**EXERCISE OBJECTIVE:** Beginning with the first line below, output every record verbatim and leave out the images.

**DATASET RECORDS:**
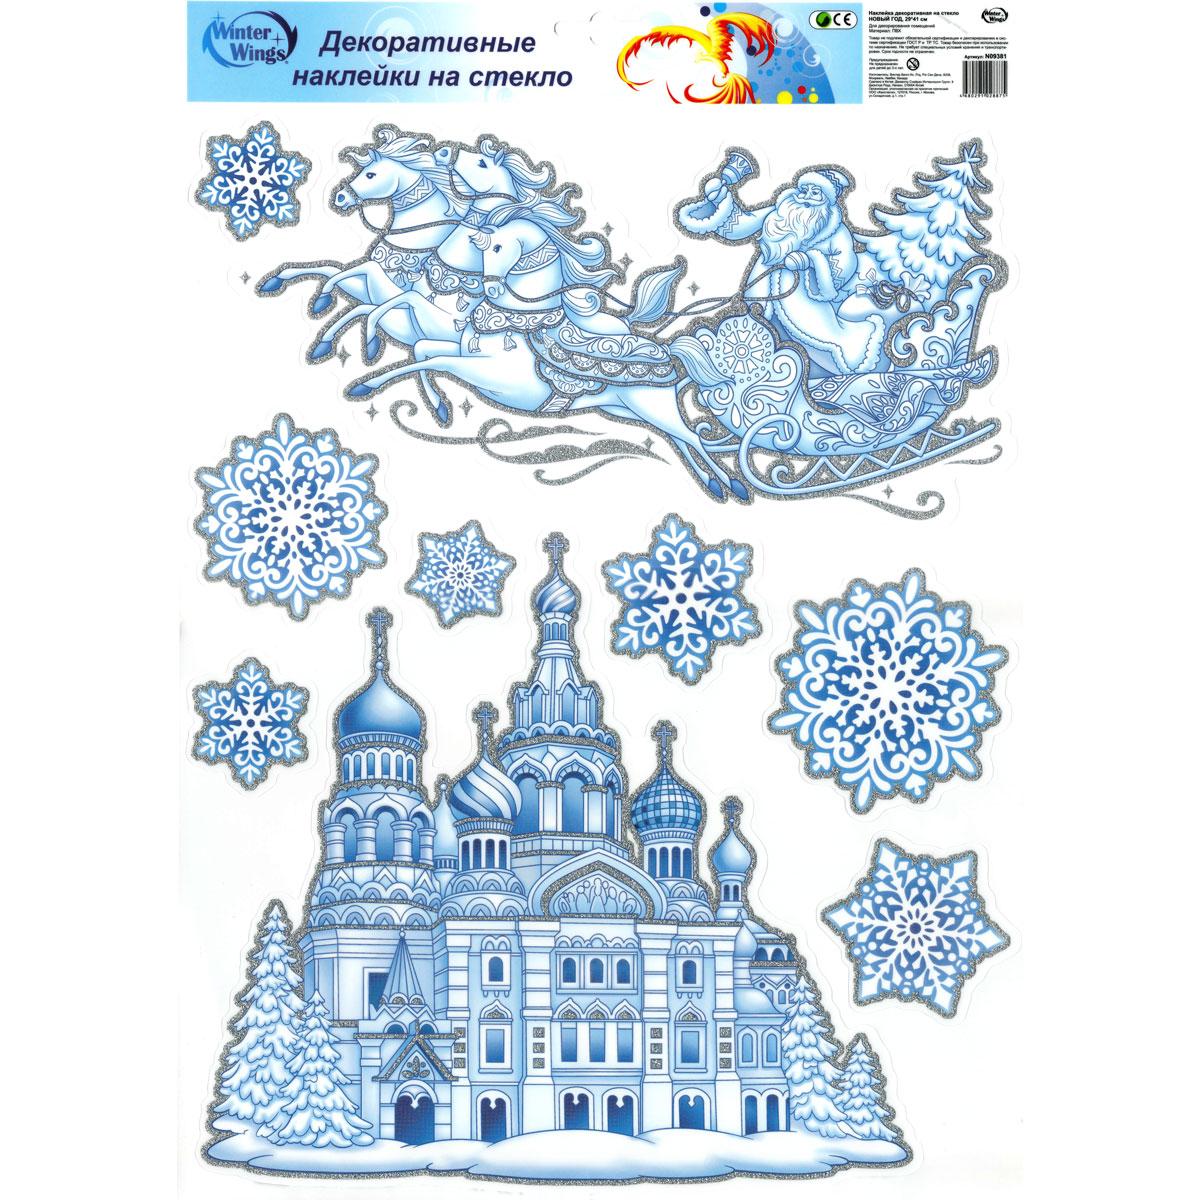 Наклейка декоративная Winter Wings Новый год, на стекло, 29 х 41 см. N09381N09381Наклейка декоаративная на стекло НОВЫЙ ГОД, 29*41 см, ПВХ
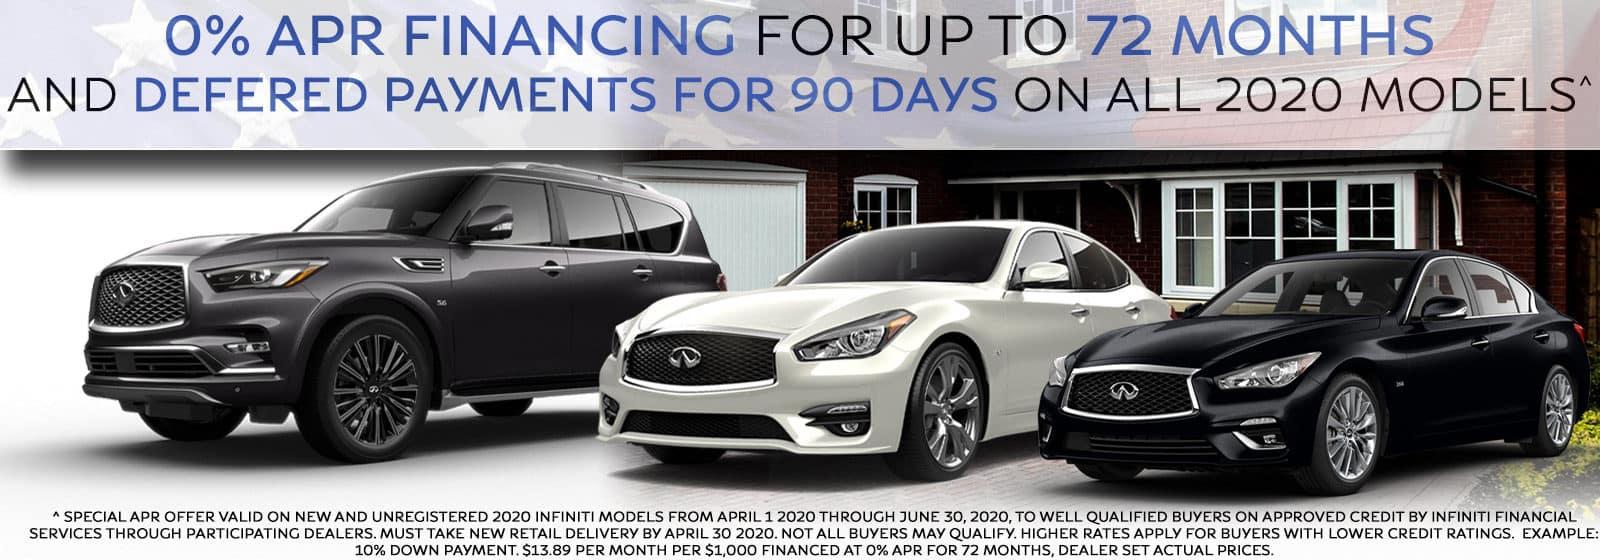 0% APR for 72 months. See dealer for full details.
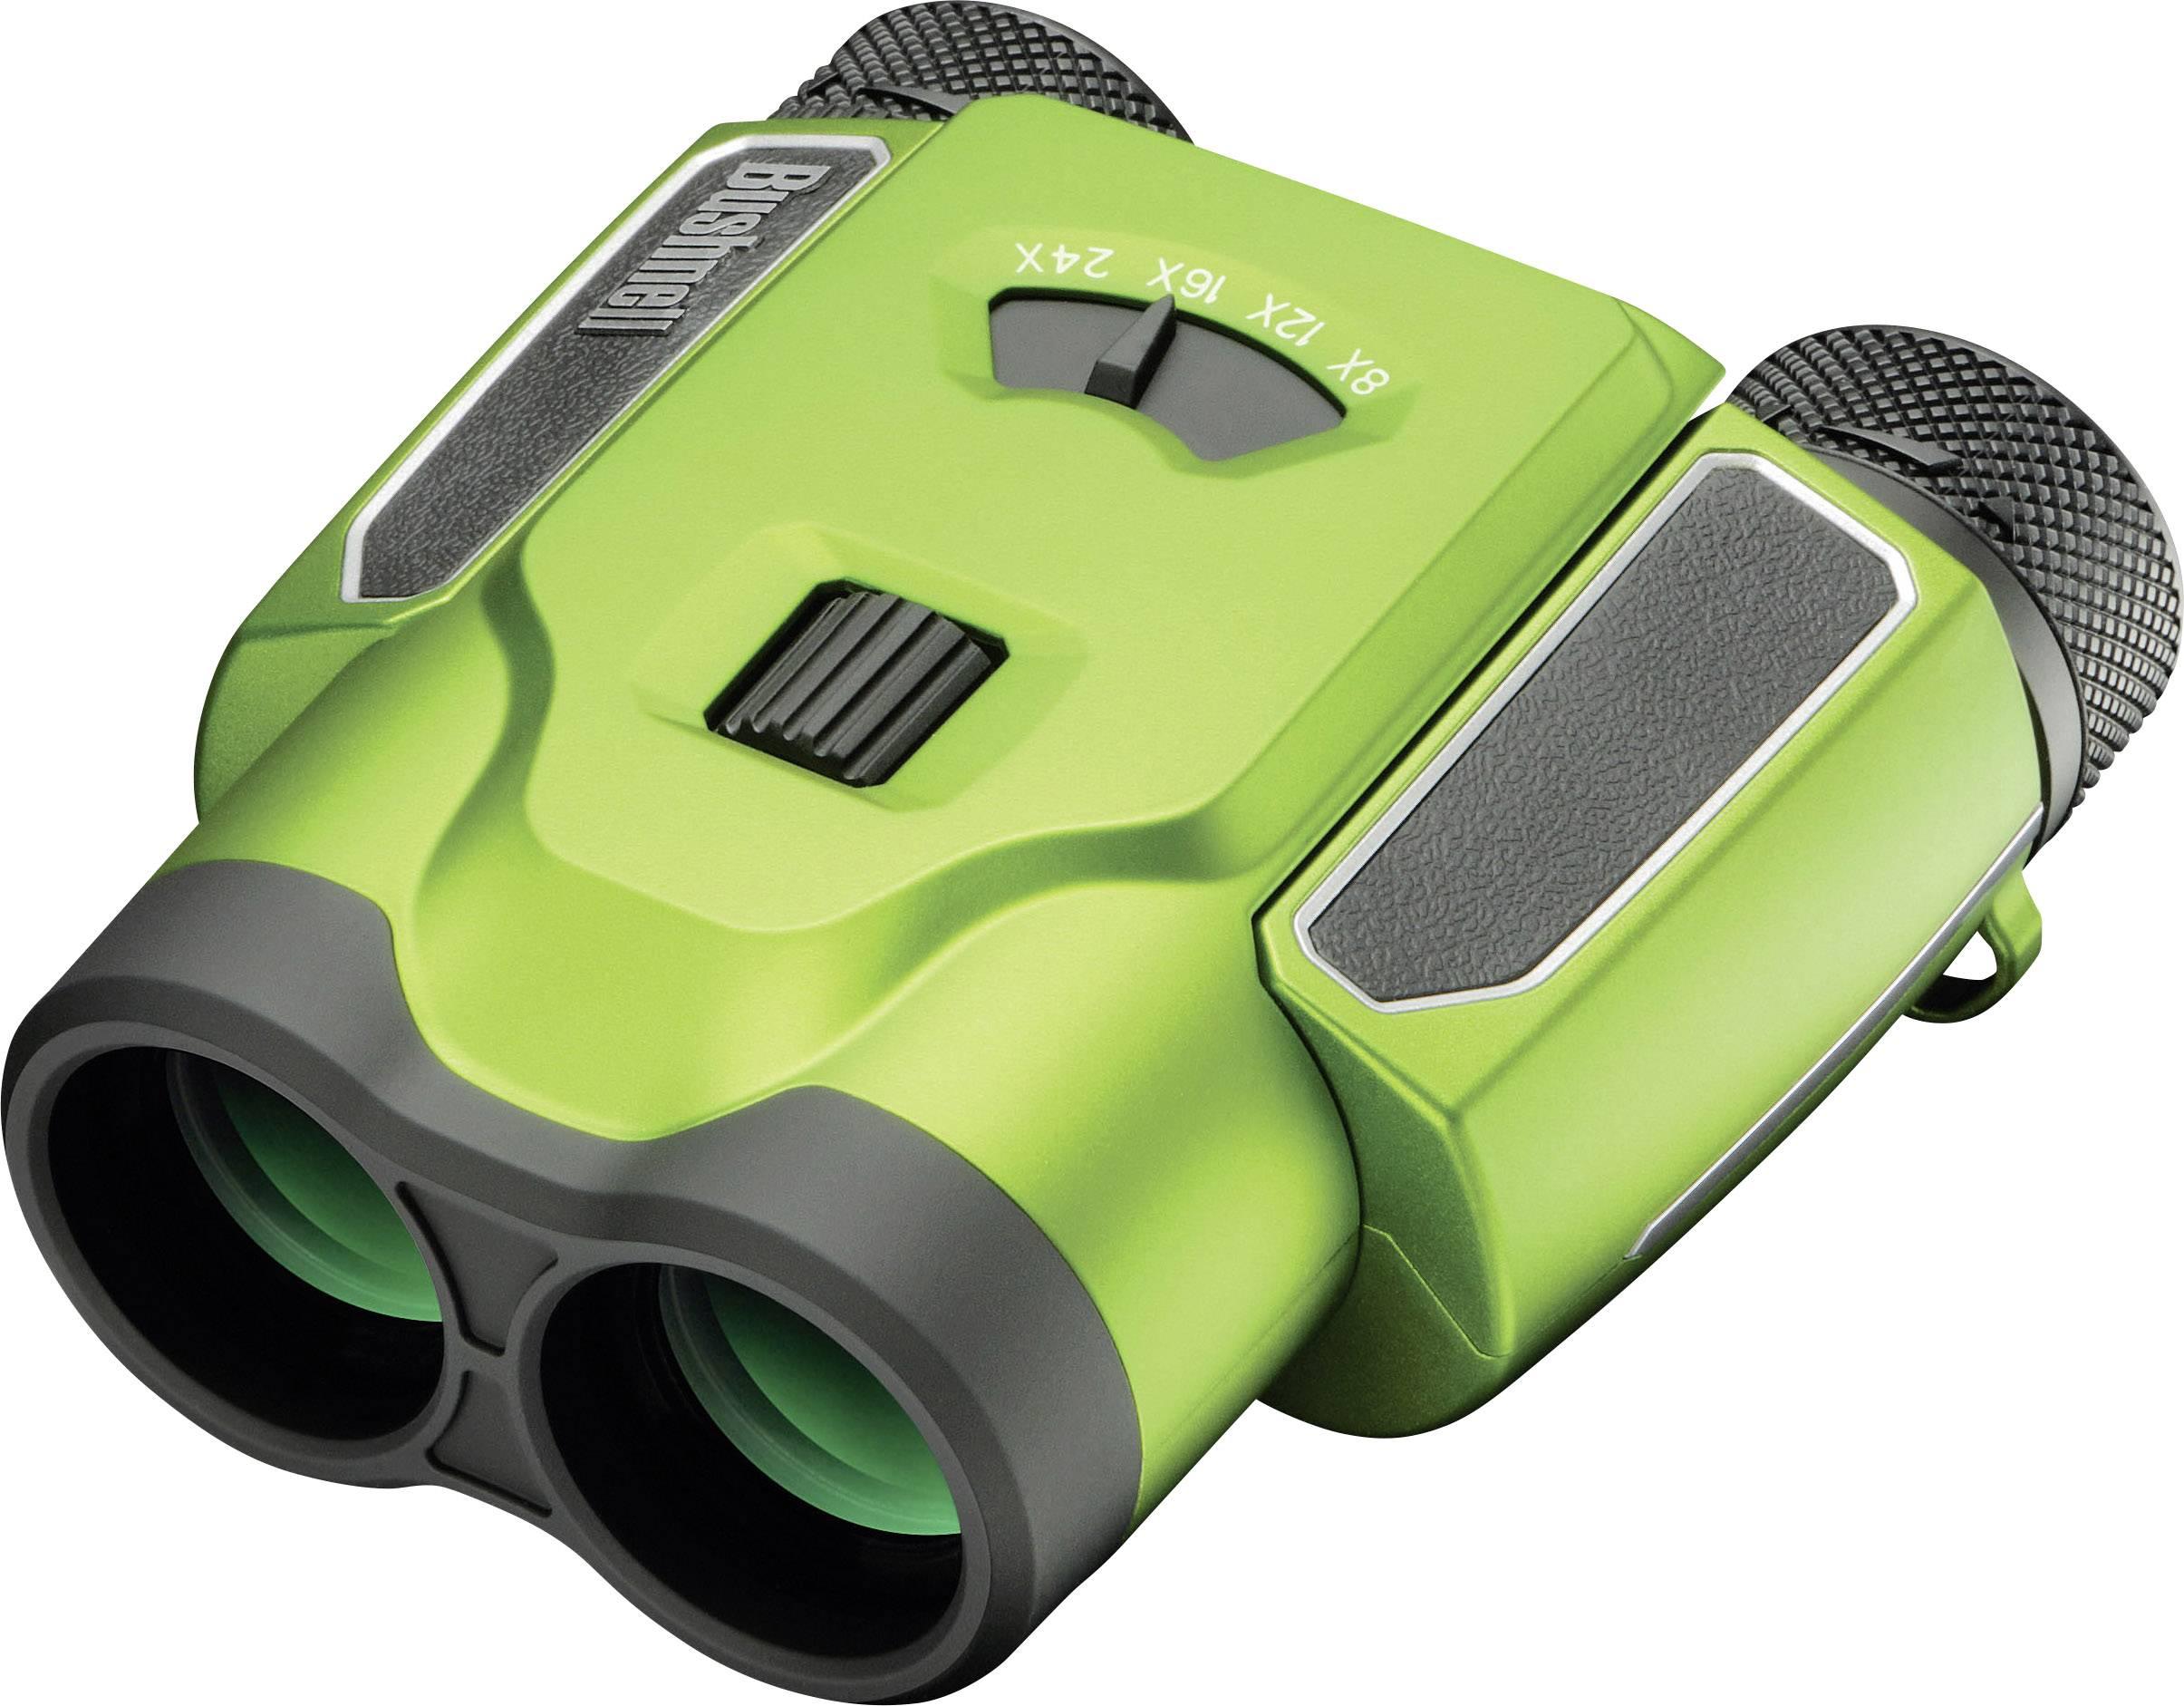 Zoom fernglas bushnell spectator sport zoom grün grün
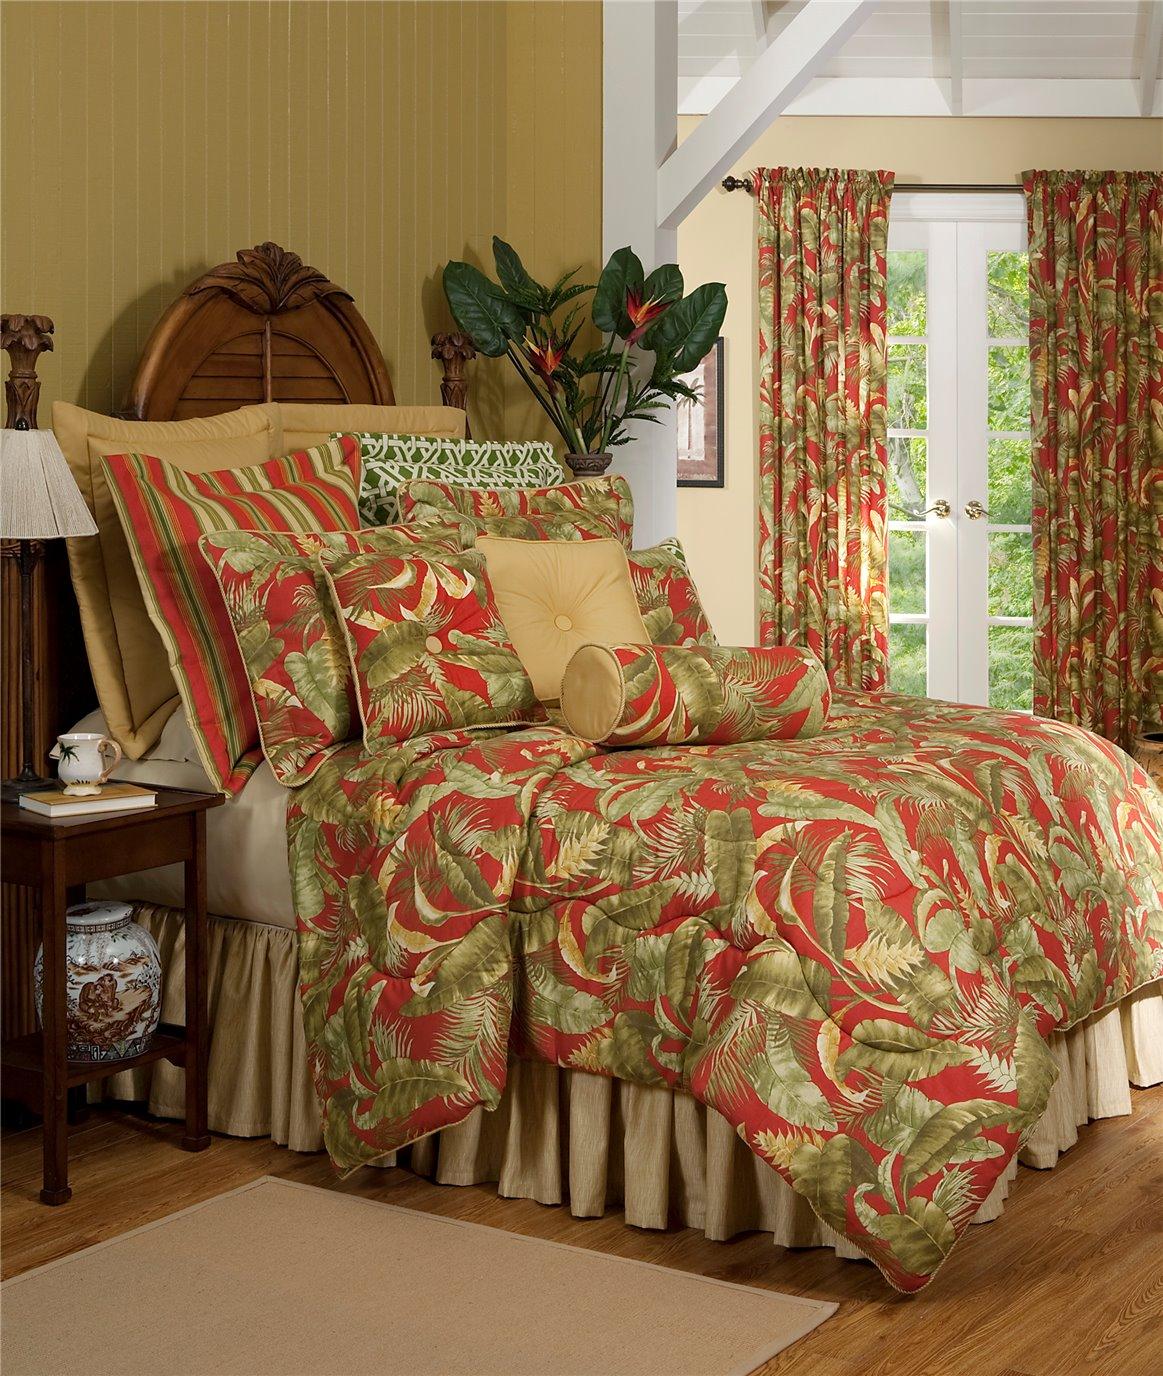 Captiva Full Thomasville Comforter
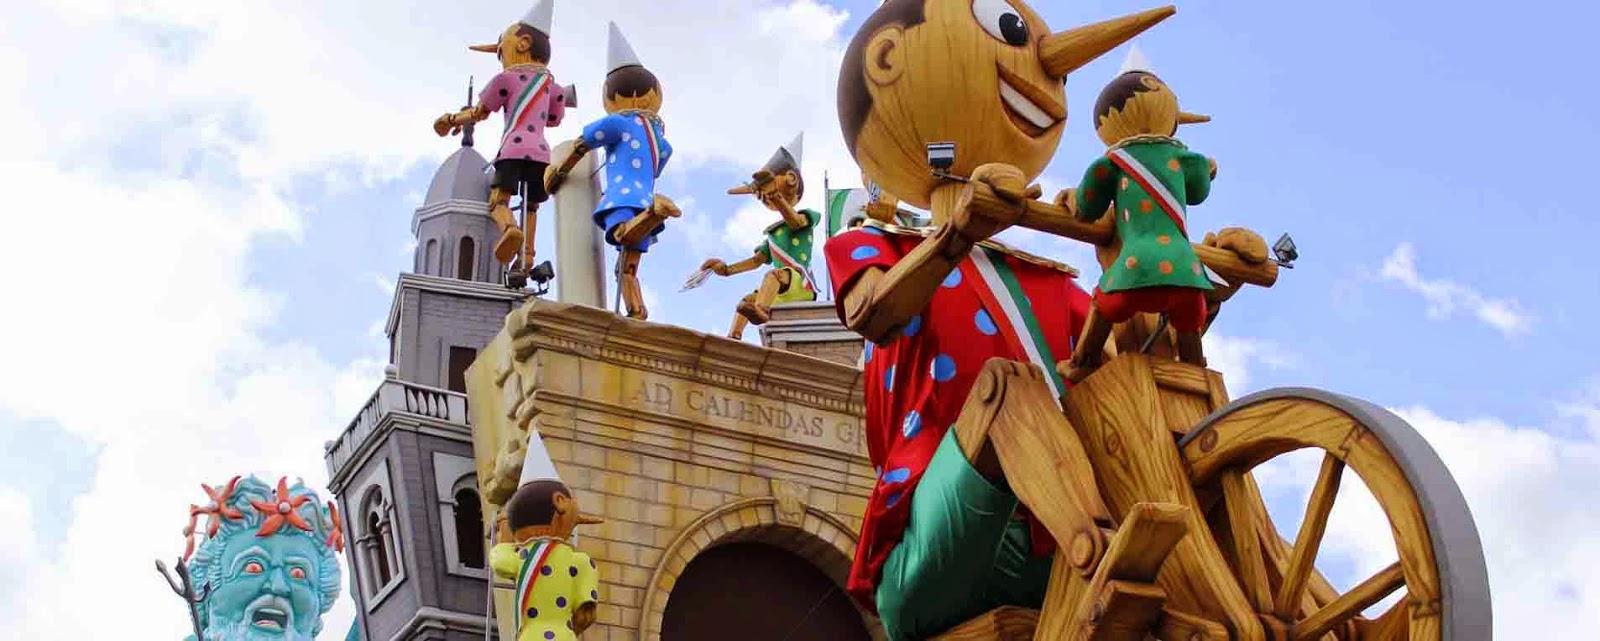 Eventi caratteristici del Carnevale di Fano 2015

**ANSWER SECTION:**
 Наклейка декоративная Winter Wings Новый год, на стекло, 29 х 41 см. N09381N09381Наклейка декоаративная на стекло НОВЫЙ ГОД, 29*41 см, ПВХ
 0% APR for 72 months. See dealer for full details.
 Zoom fernglas bushnell spectator sport zoom grün grün
 Captiva Full Thomasville Comforter
 Eventi caratteristici del Carnevale di Fano 2015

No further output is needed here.